M. de Simaise attendait un reçu. Blaireau le comprit.

– Monsieur le baron, dit-il en souriant, tout se fait ici de confiance. Je travaille, on me paye. Le service que je rends est le reçu de l’argent qu’on me donne. Les paroles s’envolent, les écrits restent. J’écris le plus rarement possible et je ne livre jamais ma signature. Rien qui puisse compromettre moi ou mes clients ne sort de mon cabinet.

– C’est bien, je comprends, monsieur Blaireau : vous n’aviez pas à me donner cette explication.

– Nous entrons en relations, il est bon que vous sachiez dès aujourd’hui comment je procède.

– Ainsi, vous allez agir ?

– Sans tarder. Le temps de prévenir les hommes dont j’ai besoin, de leur donner mes instructions. Quand je me charge d’une affaire, si difficile qu’elle soit, je n’aime pas à la voir traîner. Il faut, avec moi, que la besogne marche vite et bien. Tout en causant avec vous, je bâtissais mon plan ; il est déjà là.

Et il tapota son large front carré du bout de ses doigts.

M. de Simaise le regarda avec une sorte d’admiration.

– Ainsi, demanda-t-il, vous savez déjà où vous allez conduire ma belle-sœur ?
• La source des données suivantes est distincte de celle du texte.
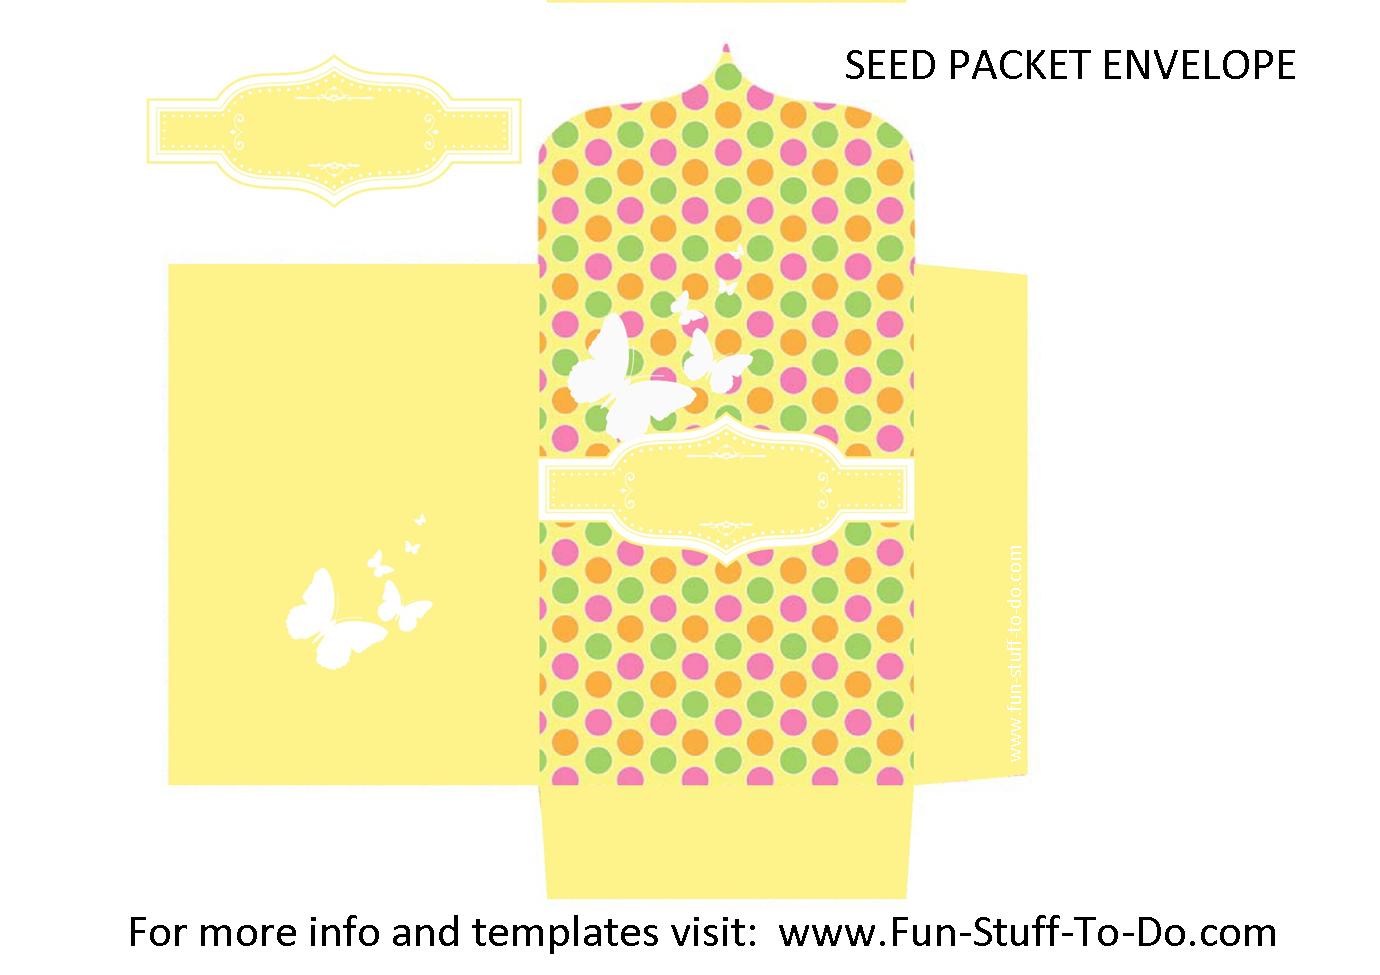 seed packet envelope made with transparent overlay template from Fun-stuff-to-do.com

– Oui. Mais en cela il n’y a pas grand mérite. J’ai l’endroit sous la main, et merveilleusement choisi, comme exprès. Il est vrai qu’il avait été destiné à un usage à peu près semblable. C’est un vieux château en ruine, abandonné depuis longtemps, perdu dans un coin de la France, au milieu de montagnes sauvages, que j’ai fait louer il y a quelques mois. Trois ans de bail, on le renouvellera, si c’est nécessaire. Qui a loué ? Un inconnu. Moi, monsieur le baron, je me montre le moins possible. Quand je donne de ma personne, c’est qu’il le faut absolument. Mais, alors, je ne suis plus l’agent d’affaires Blaireau ; je change de peau, je me transforme, je deviens l’homme que je veux être. Je me rajeunis ou me vieillis à volonté. Dans trois ou quatre jours vous me verrez à Port-Marly ; je serai médecin-aliéniste.

» J’ai une police à mes ordres, des esclaves dont je suis le maître. Et c’est ainsi qu’ils m’appellent « Maître », quand je parais parmi eux ; deux ou trois seulement reconnaissent Blaireau ; ce sont mes chefs de file ; ceux-là me sont dévoués comme le chien l’est à celui qui l’a élevé et le nourrit ; même sous le couteau de la guillotine, ils ne me trahiraient point.

– Oh ! vous êtes un homme terrible, monsieur Blaireau ; vous me faites frissonner. Je sens votre force et je comprends pourquoi tout vous est possible. Il faut s’incliner devant votre puissance.

– Ma puissance, c’est mon génie ! répliqua Blaireau d’un ton superbe, l’œil flamboyant d’orgueil.